Skrepl’s paintings and drawings are gestures that we don’t remember. Everything is much more complicated than we’re willing to admit. And would we even want to know it? To see it, I hope so. Isn’t it sometimes enough to just see a cobra with a mamba in its teeth? A gorgeous woman with a man’s organs? A male goldilocks? Ask yourselves: Where did all these wild princesses come from? And what about the animals?

“As words disappear, so too do the bodies.
It’s the disappearance of clarity.”2

Bodies reveal themselves in other places. Again. What’s forcing us to perceive the remains of the beautiful human bodies and beautiful wild, or imaginary, animals? Where did all those rare turquoise Mon-Chee-Chees get to, and where did the wolves come from?
Cobrablood as a confusing metaphor for the exhibit Showing up at MeetFactory’s first January exhibit and looking at everything on display was like examining, first from a distance and then up close, a bottle of cobrablood. Creating the exhibition must have been similar to drinking the cobrablood. Downing two or even four shots and then, on a whim, having something healthy to eat. Actually, maybe there were five shots. Is cobrablood even medicinal?
What is cobrablood? I’d rather not say, but you wouldn't understand the metaphor if I don’t explain. So, what is cobrablood? Cobrablood is an oriental beverage. Maybe it's mysterious to us. There’s undoubtedly some kind of ancient myth behind its creation, but we don’t know it. We just have an idea who to ask or where to start looking. cobrablood is quote, a smooth oriental liquor, unquote, which means that in pure alcohol, or, even better, in some higher-grade booze, there’s a floating, pickled cobra, holding a mamba in its teeth. Vladimír would also like to mention that it’s really holding a tiny mamba in its gaping maw.
So, the cobra is holding a mamba, a tiny one, if you like, and floating around this expressive snake sculpture is ginseng. An intense image. Our understanding of what is actually going on inside the bottle, however, is ruined by the decorative, curved shape of the glass bottle. The rounded surface is segmented into several panels whose intersections scatter the light in the different directions, making it look as if the snakes were moving and the ginseng were calmly drifting around them. And so both the snakes and the ginseng will remain, as least until we break the bottle, thus causing the cobrablood to pour out.
The exhibition that I should be trying to write about has an impact as strong as cobrablood. The first thing that occurred to me was whether it was beautiful or real. I was struck by a powerful energy that multiplied and then dissipated.
For a moment, the symbiosis of Vladimír’s figures, Jana’s art-space, and a strange spider bundled in sugar, and then acophony. Thanks to Ben, there was a whirlwind of coordination
at MeetFactory.
The large, secluded space, curated by Zuzana Blochová, was fortunate enough to host a cooperative exhibition with Ben Cottrell, Vladimír Skrepl and Jana “Koko” Kochánková. This is what I call a good thing. All three artists are responsible for vital and valuable works of creativity. That January, I saw an exhibition that astonished me; I take it as a challenge.

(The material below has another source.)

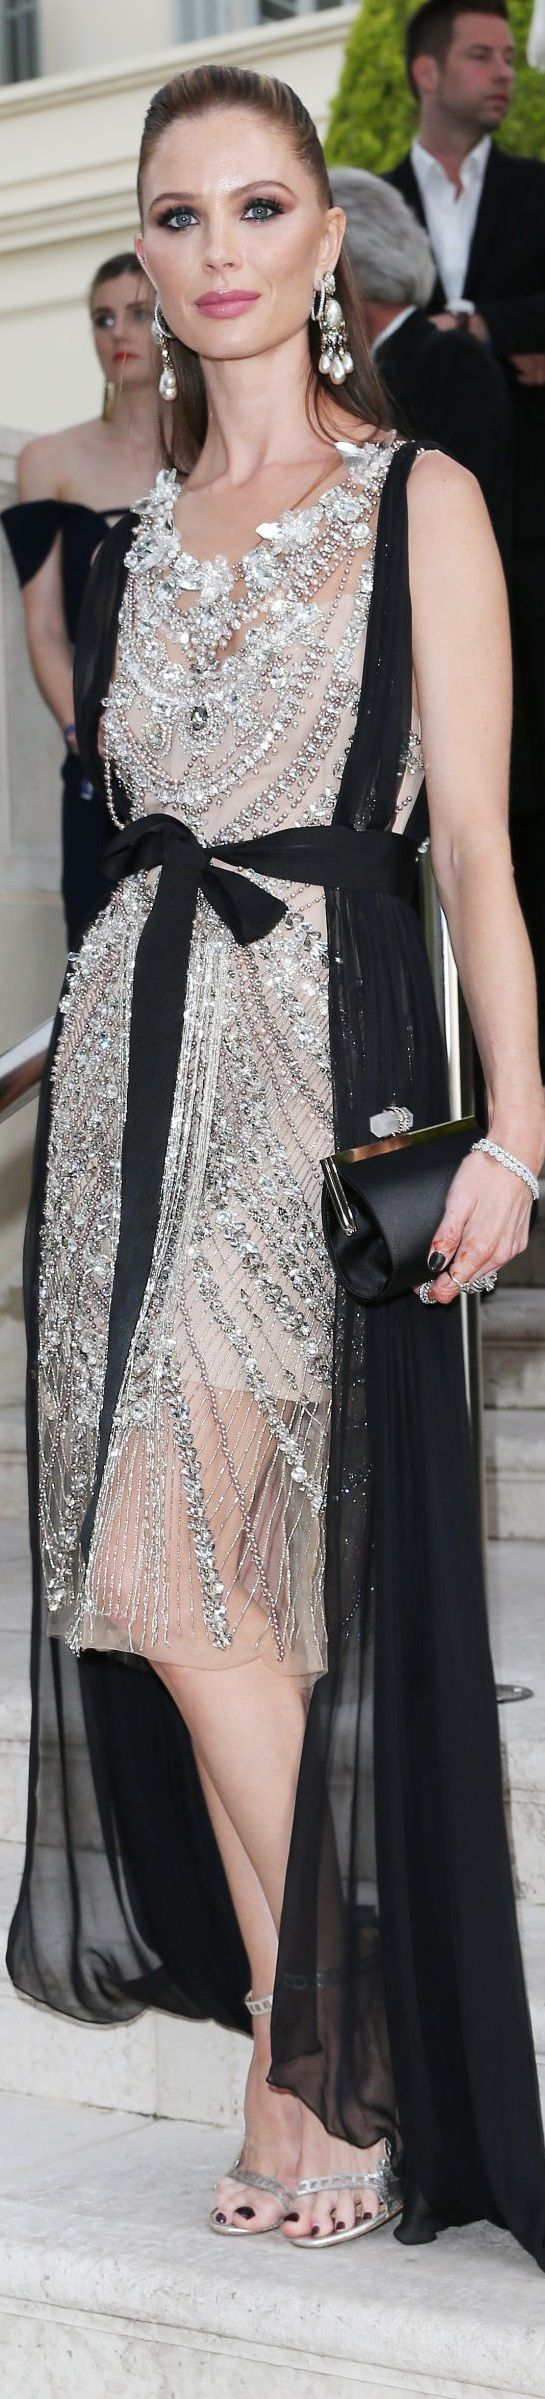 Georgina Chapman in Marchesa Cannes Film Festival 2017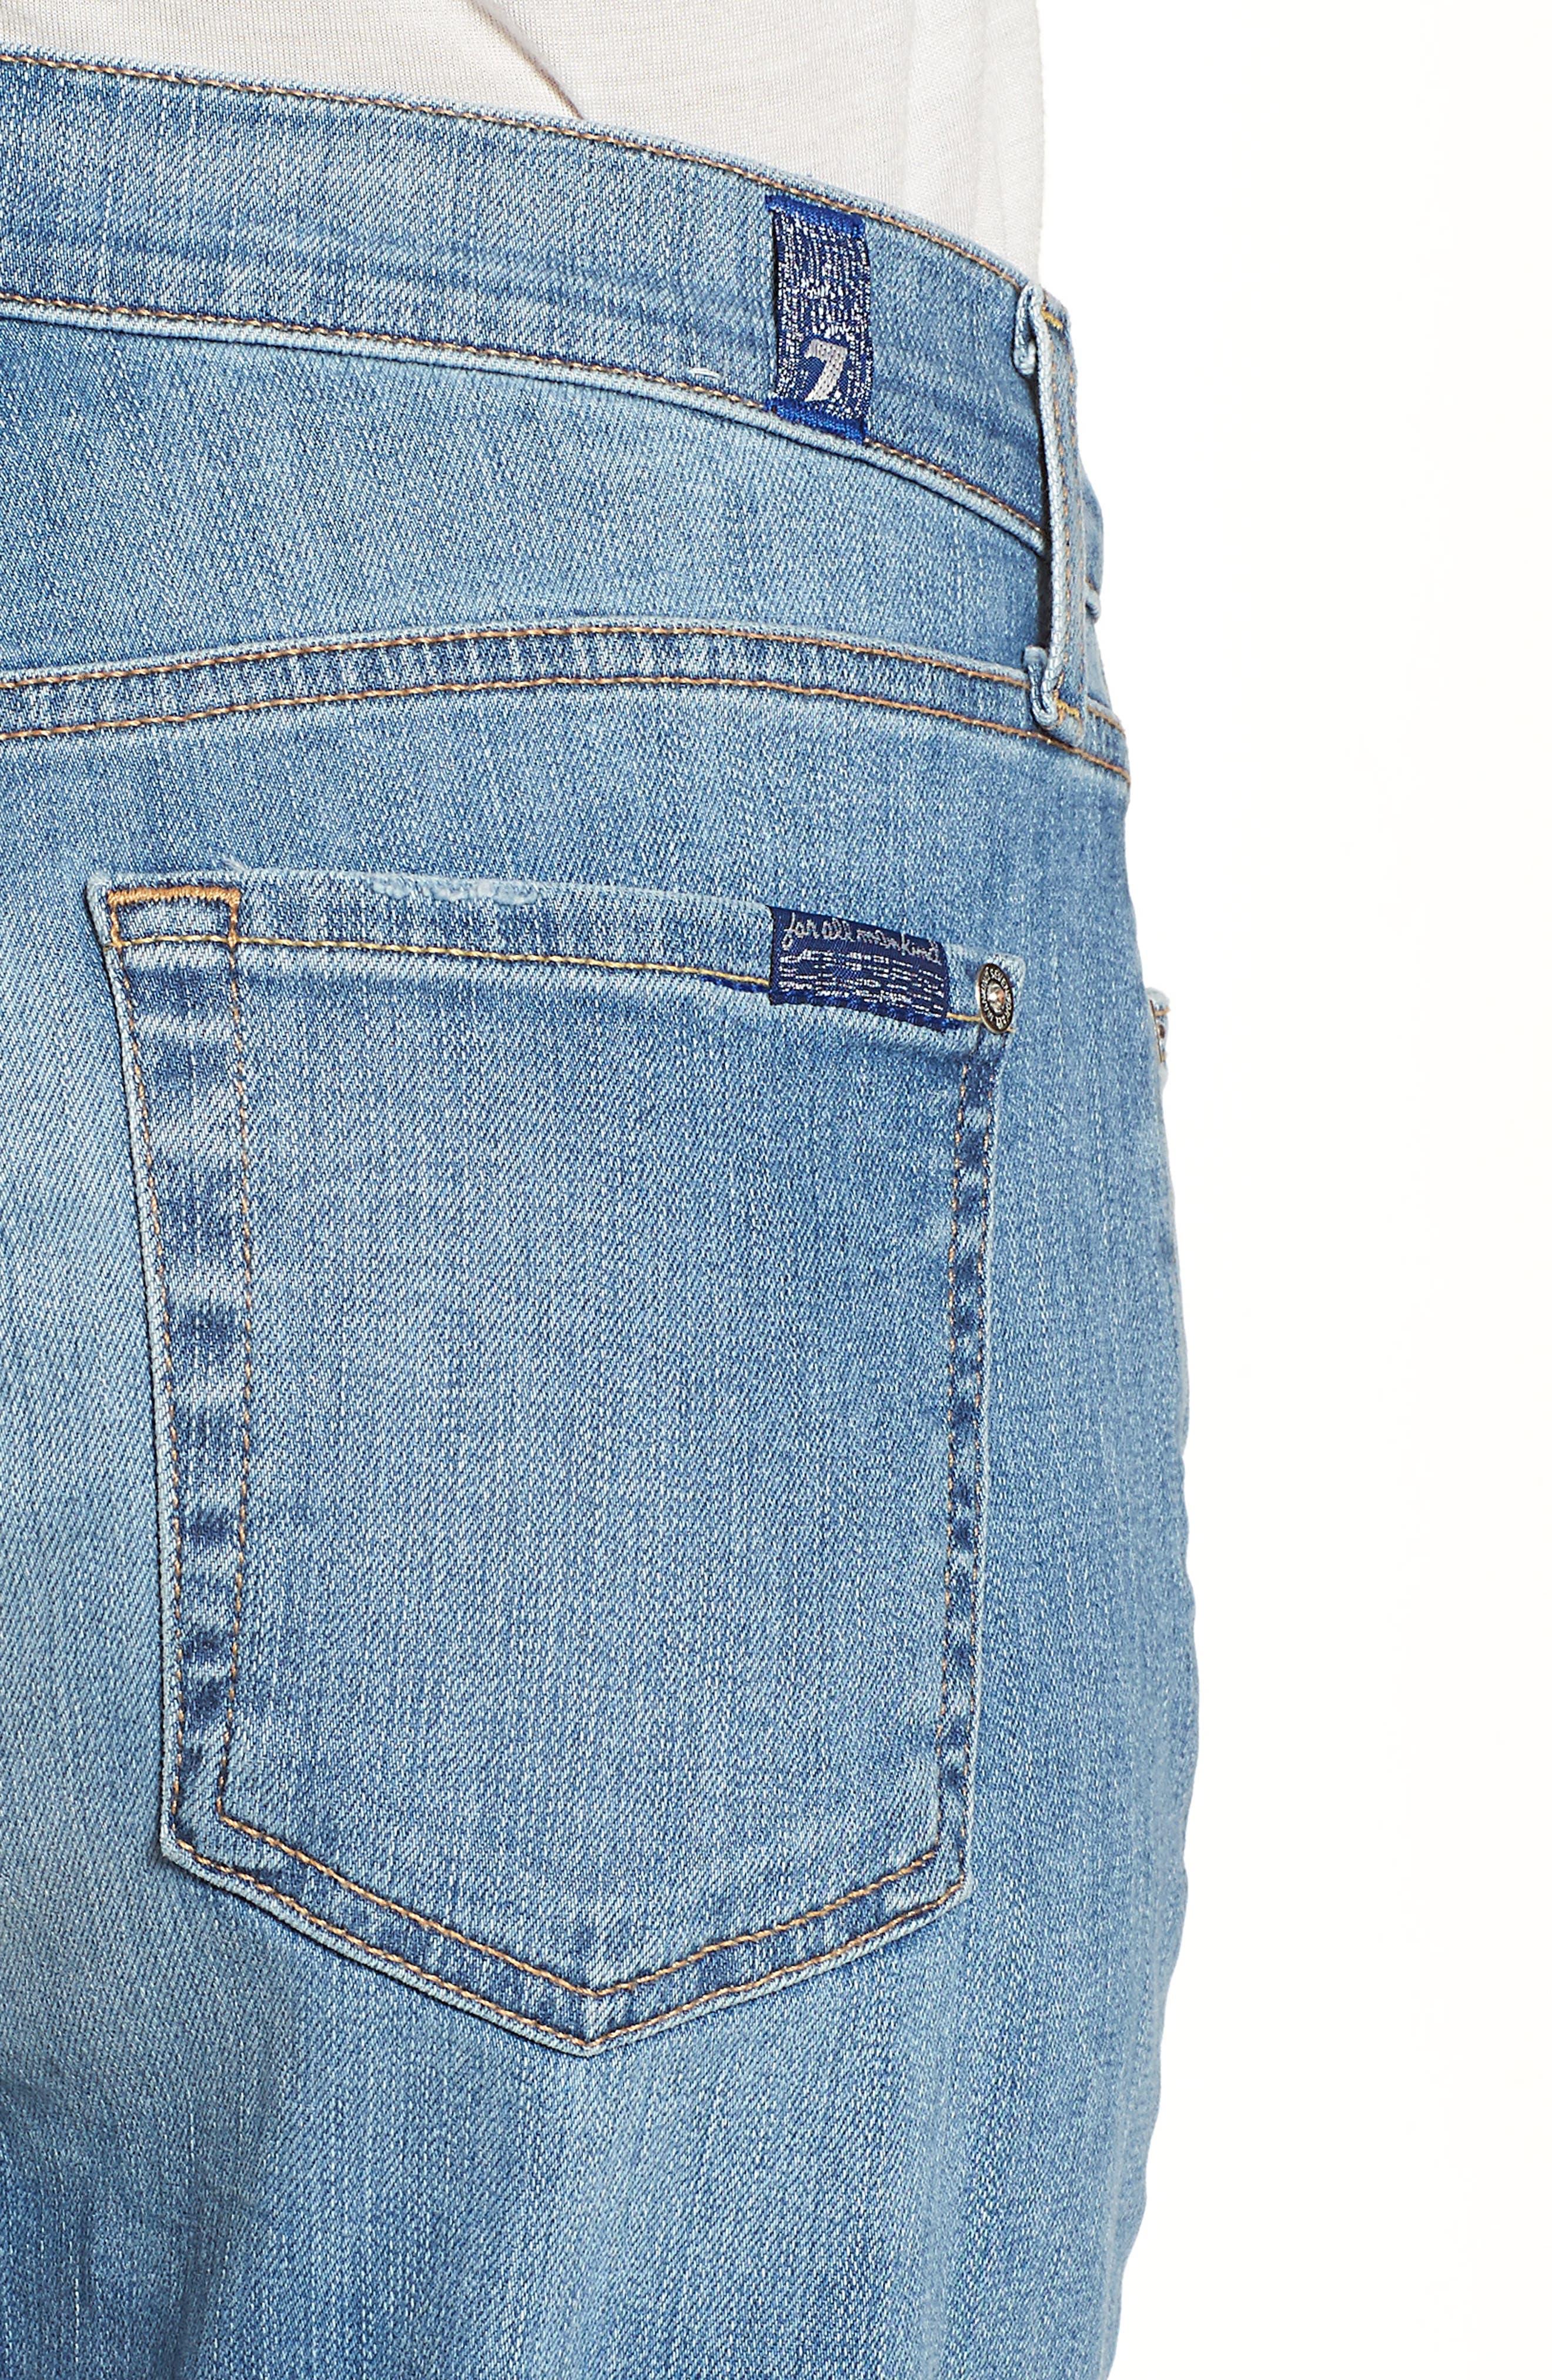 Josefina High Waist Boyfriend Jeans,                             Alternate thumbnail 4, color,

It’s time to head off to Berlin again, for more exhibitions and concerts.





1 The exhibition’s title, Lost Eye, is a reference to the legend of the northern pagan god Odin, who traded his left eye for all knowledge available at the time. The title is supposed to emphasize the intense and wild visual component of the works on display, as well as the fact that Cottrell, Kochánková, and Skrepl’s collective exhibition is purposely designed to resist the influence of cold, purely conceptual work.
2 Rewritten partly based on an interview with Vladimír Skrepl in studio gallery 207, conducted by Milan Salák (www.artycok.cz). The article also uses his quotes and metaphors from our previous interview while Lost Eye was still in the gallery. The order of quotations, as fas as the principal of disappearance and rediscovery of detail is concerned, is not significant.